The couple were closely followed by another man. A very tall, very fat man dressed in the latest high-ton of fashionable pastel-coloured dress-coat and breeches with dainty satin dancing pumps on his incongruously tiny feet. His thick silver-bleached hair was trimmed in the Brutus mode, and he haughtily surveyed the room through gold-handled quizzing glasses. The great moon of a face under the frame of silver hair was rouged and powdered and even his pudgy hands had their palms tinted with vermilion and the backs whitened with enamel. His bizarre appearance was heightened by the unmistakable wasp waist effect of an Apollo corset.
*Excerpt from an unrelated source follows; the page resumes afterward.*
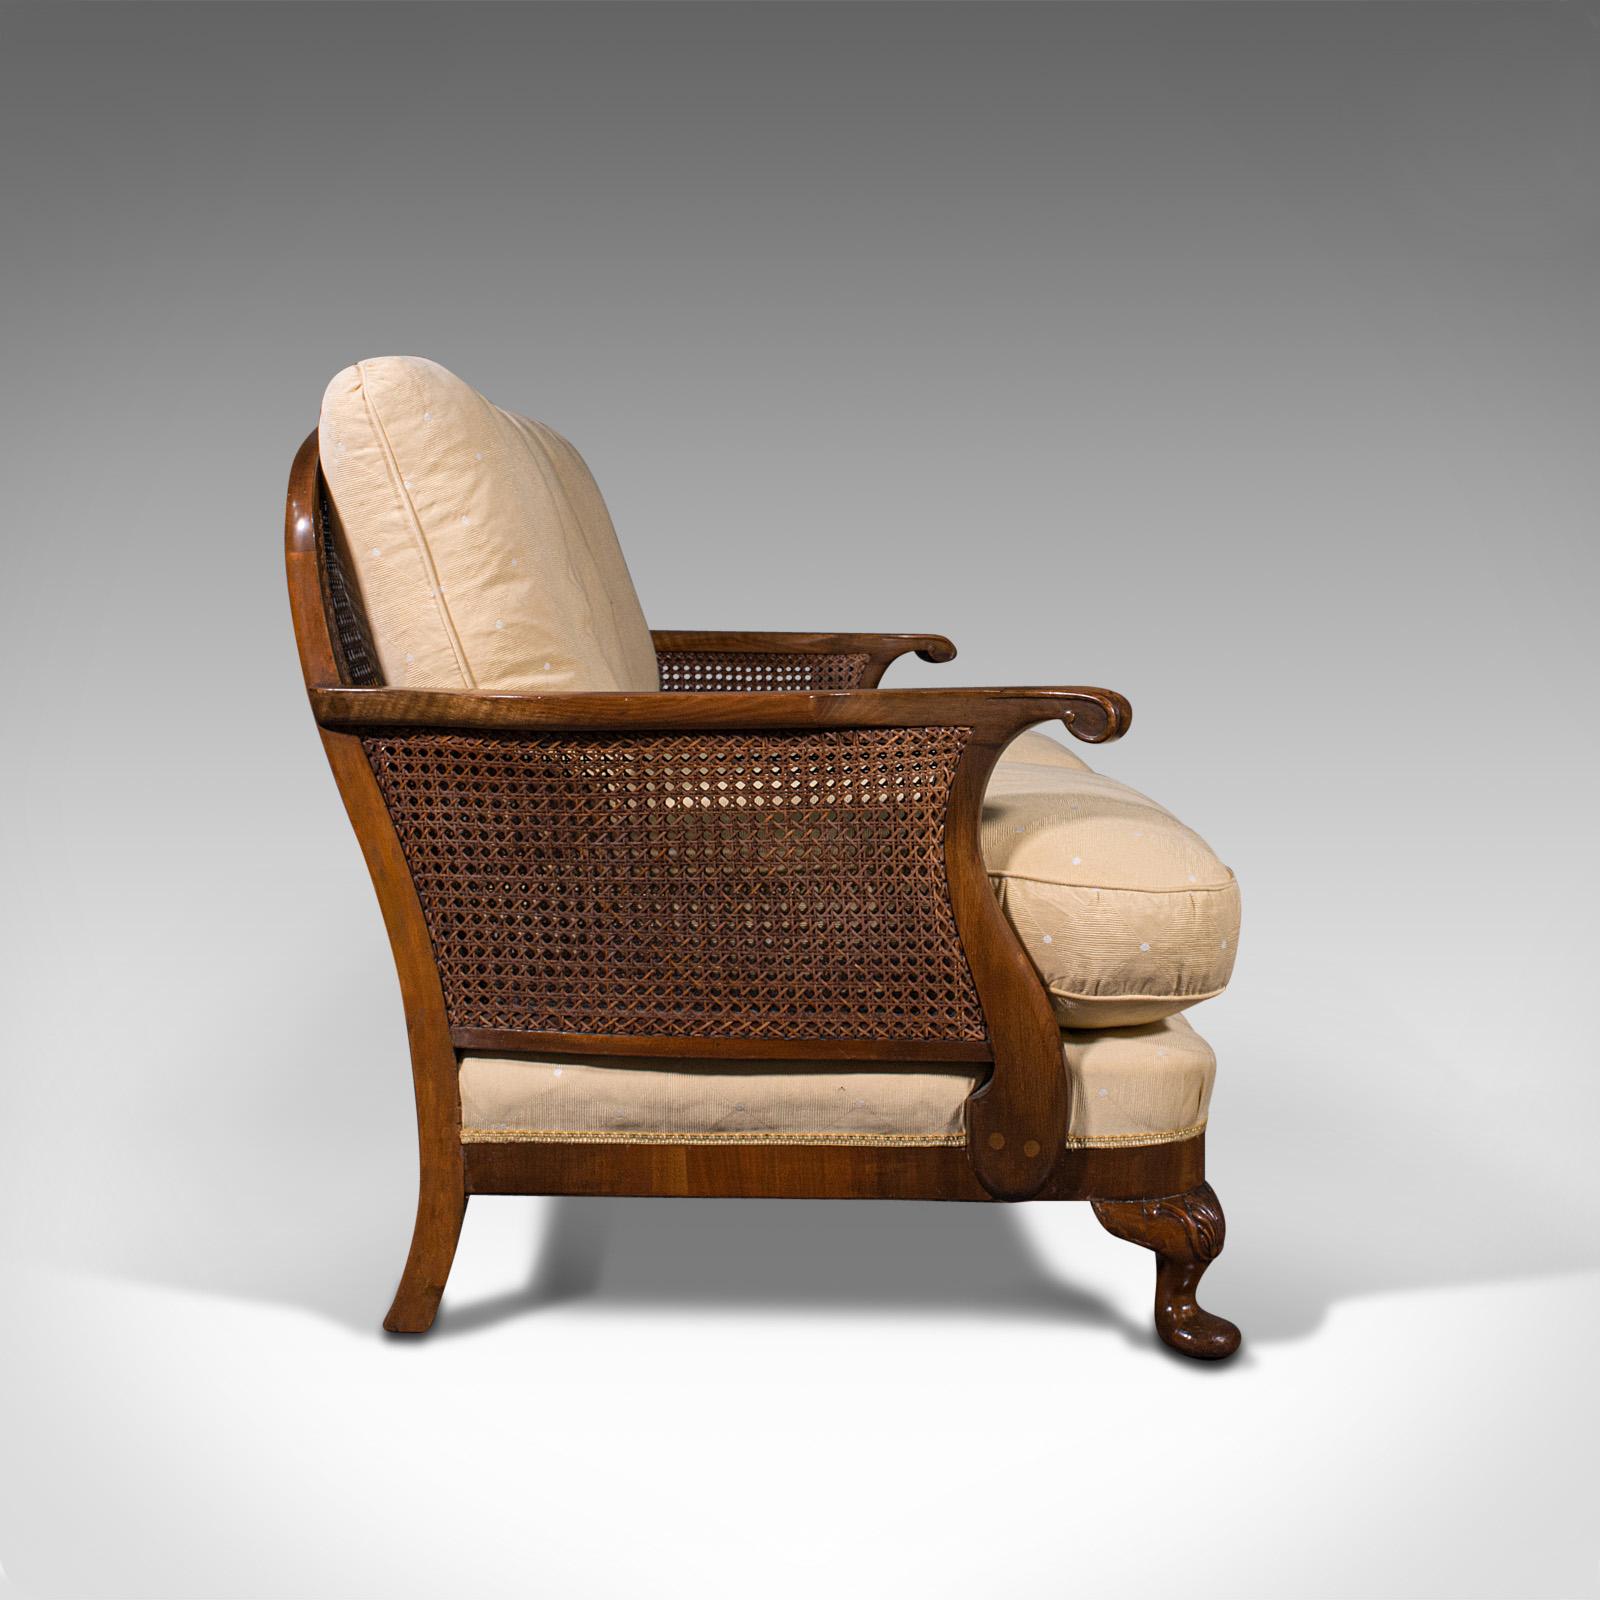 British Antique Bergere Sofa, English, Walnut, Cane, 3 Seat, Settee, Art Deco, Edwardian

Shimson Levi’s brow furrowed and he beckoned to a passing waiter. ‘Go to Andrew and ask him
if he can put a name to the big cove who’s just come in.’
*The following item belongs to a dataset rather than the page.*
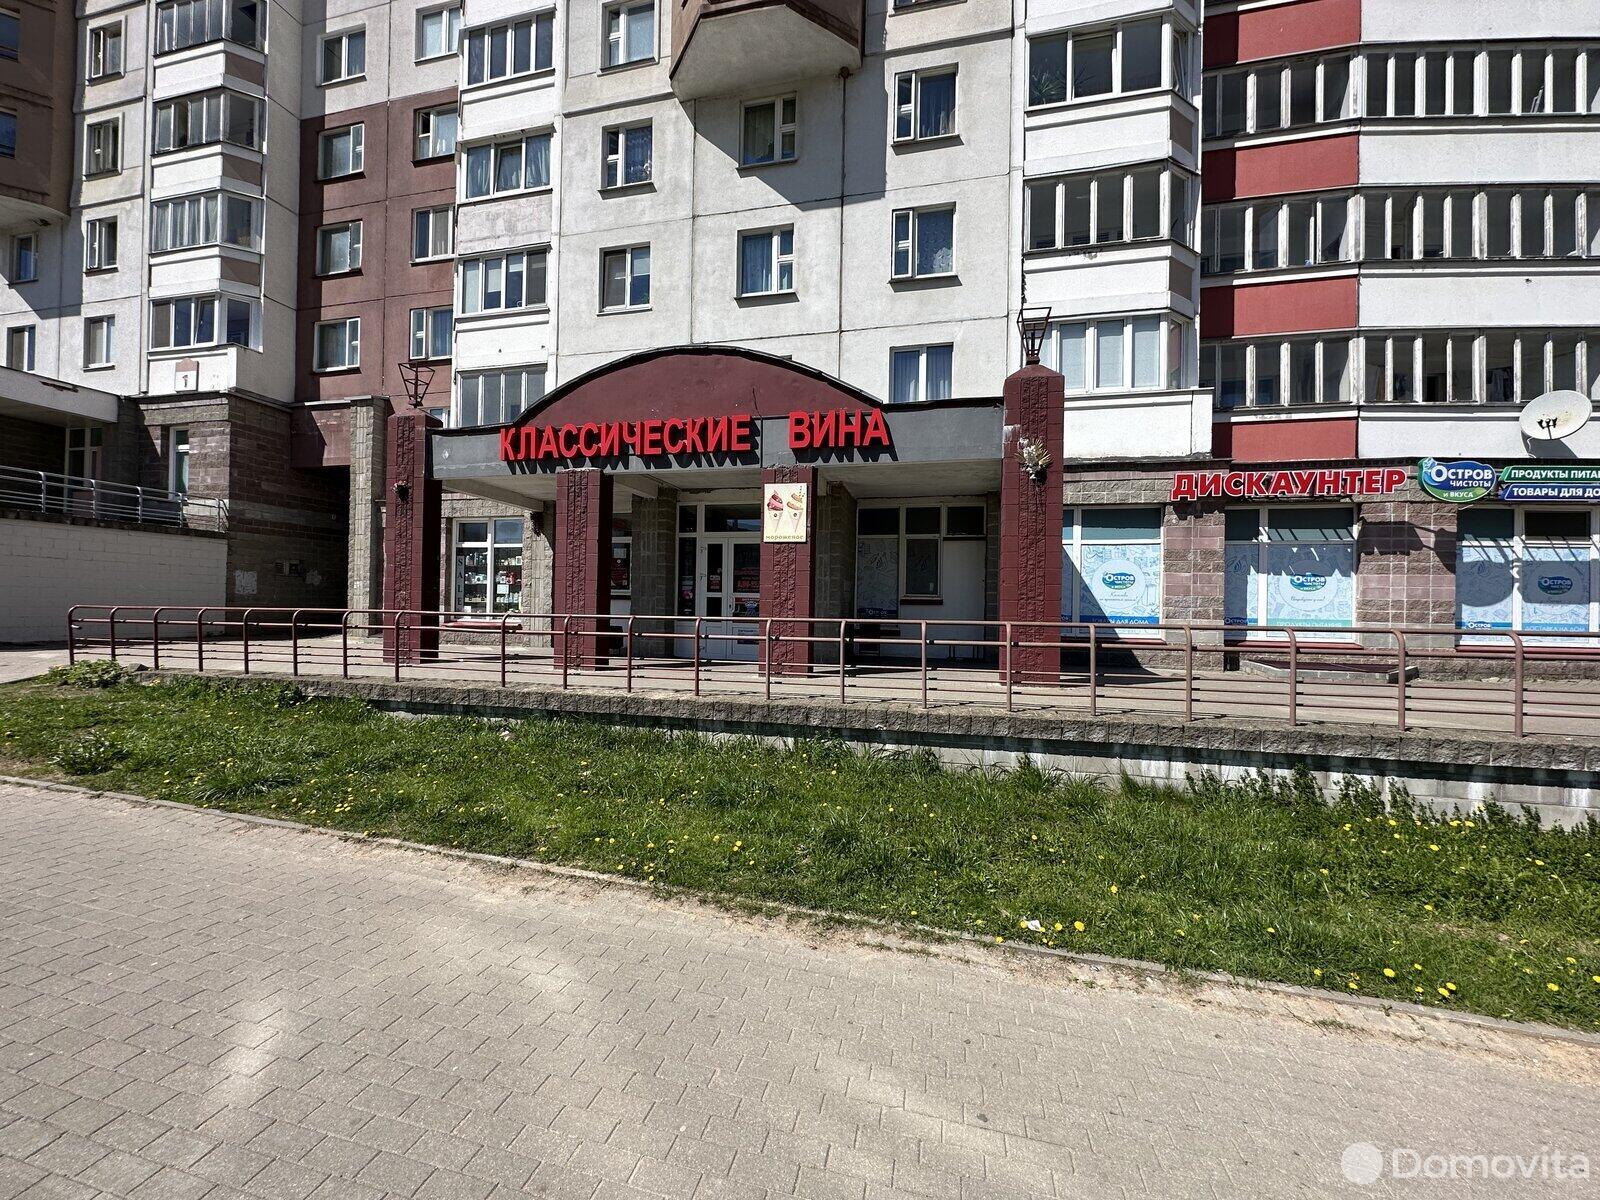 Аренда торгового помещения на ул. Скрипникова, д. 1 в Минске, 2163USD, код 964531 - фото 2

The man hurried to the dice table where the London-imported head priest was presiding. The priest stared at the fat man while the waiter whispered in his ear then handed the dice to another croupier and sidled across to Shimson.
‘I fear we’ve got trouble here, Master Shimson,’ the man said urgently. ‘That fat cove who’s new come is Mother Bunch. He’s one o’ the flyest sharps in the whole o’ London. He’s probably brought a few pigeons wi’ him. Yes, I thought so . . .’
A party of young bucks, half-drunk and in high spirits came into the room to cluster about the man known as Mother Bunch.
‘He’ll not be here long enough to finish plucking his pigeons,’ Levi growled, and moved forwards but halfway through the curtains the priest prevented him.
‘Hold hard, Master Levi. I knows that fat cove of old. He’ll no ha’ come alone . . . There ’ull be one or two bruisers wi’ him to take care of any flat who might take objection to being fleeced by Mother Bunch.’
Levi hesitated and turned the problem in his agile brain. There were no strong-arm men employed as bullies at the club. Levi himself was a handy man with his fists and was quite capable of dealing with any troublemaker or obstreperous drunk. But this was a lot more difficult to handle. A notorious sharp in company with a group of young bloods, who would regard the man as a dear friend and who would undoubtedly turn on anyone who challenged him, not to mention the possibility of a couple of professional bullies employed as bodyguards.
Sarah had drawn farther back behind the curtains at the sight of Molly Bawn and Seymour. Unable to take her eyes from them, she had only half-heard the conversation between the two men. Now she saw Seymour turn briefly and nod to the big fat man behind him.
The fat man returned the nod, and then in a fluting, lisping voice herded his pigeons across to the table where rouge-et-noir was being played.
‘Come my chickth . . . come my heartth delightth . . . Your thaintly Mother Hen will thow you how to lothe all your ill-gotten gainth.’
‘Shim!’ Sarah tugged at the Hebrew’s coat. ‘What you were just talking about . . . the bullies, I mean. I think that man with Molly is one of them.’
Levi gazed hard at Seymour and observed, ‘There’s a dangerous look about the cove, that’s for sure . . . Do you know him, Andrew?’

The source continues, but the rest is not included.